2.7405547252184867e-16

bm2 = @benchmark inplaceWLS($X, $y, $w, $XtWt, $XtX, $Xty)
bm2

BenchmarkTools.Trial: 1919 samples with 1 evaluation.
 Range (min … max):  2.100 ms …   4.082 ms  ┊ GC (min … max): 0.00% … 0.00%
 Time  (median):     2.390 ms               ┊ GC (median):    0.00%
 Time  (mean ± σ):   2.592 ms ± 386.829 μs  ┊ GC (mean ± σ):  0.00% ± 0.00%
            ▆█▁                                                
  ▂▂▃▄▅▇▅▄▃▇███▅▄▃▃▂▂▂▂▂▂▁▁▁▁▁▁▂▁▂▂▂▂▂▂▂▃▂▃▃▃▃▃▃▂▂▂▂▃▂▂▂▂▂▂▁▂ ▂
  2.1 ms          Histogram: frequency by time        3.49 ms <
 Memory estimate: 0 bytes, allocs estimate: 0.

Course goals (cont’d)

“Do not reinvent the wheel” mind: if existing software tools readily solve the problem, then use it.

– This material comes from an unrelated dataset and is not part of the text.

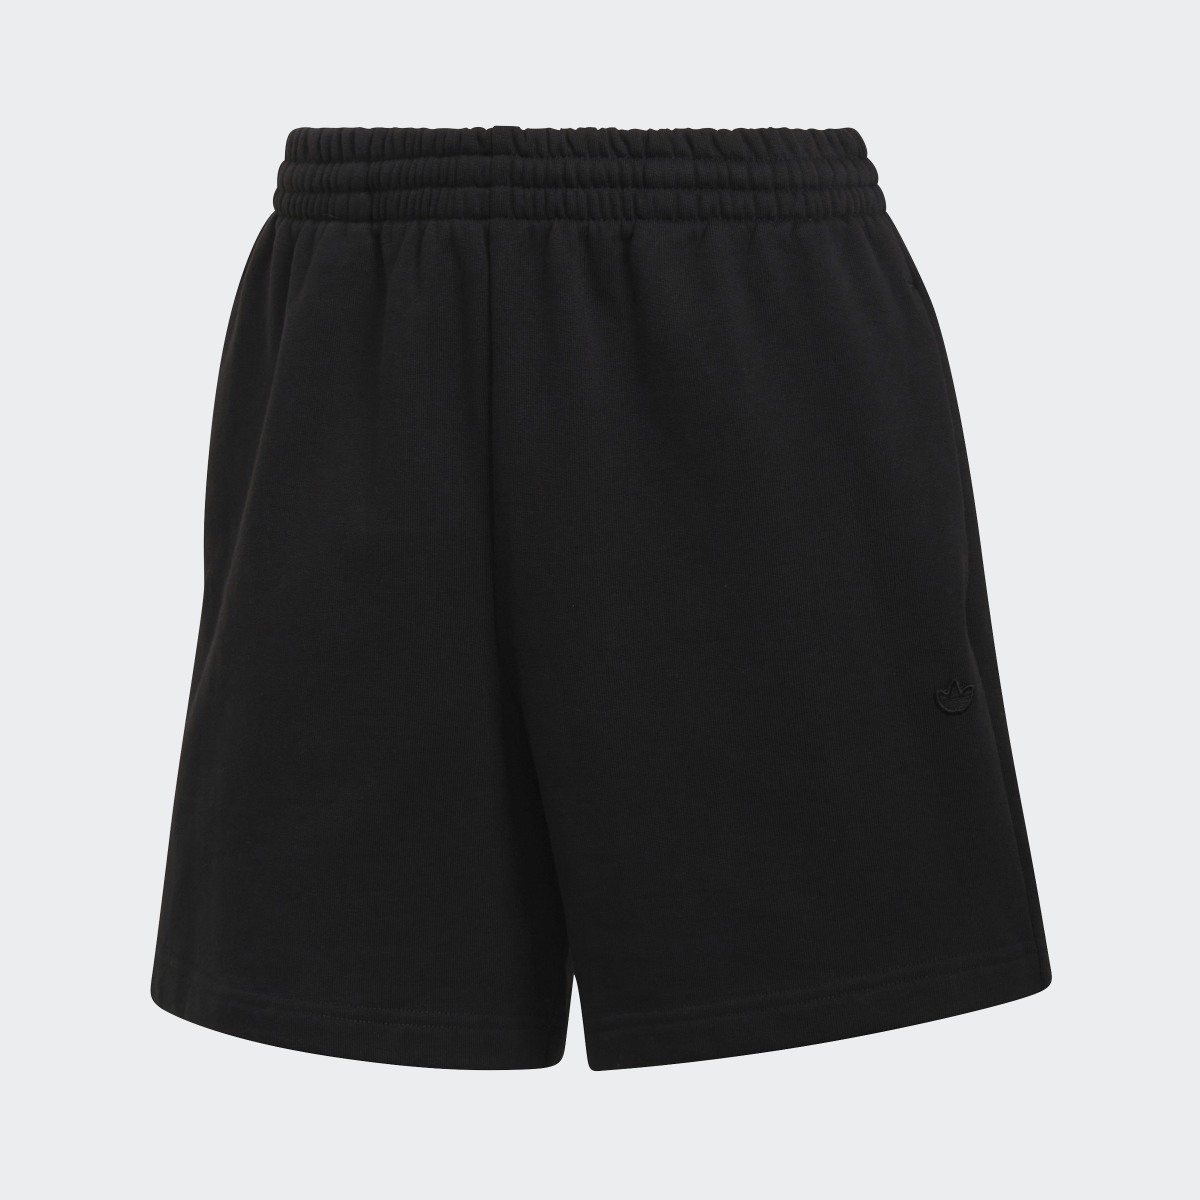 Adidas Adicolor French Terry Shorts. 5

But be aware the inner workings.
- Least squares: inplaceWLS(). Will it work for a sample of \(n=10^7\) and \(p=10^9\)?
- Optimization: recognize major classes of optimization problems and choose an appropriate solver. Will it work for a sample of \(n=10^5\) and \(p=10^6\)?

Course logistics

Course webpage: https://won-j.github.io/M1300_000200-2023fall/.
Syllabus.
Check the Schedule and Announcements sections frequently.
Jupyter notebooks will be posted before each lecture.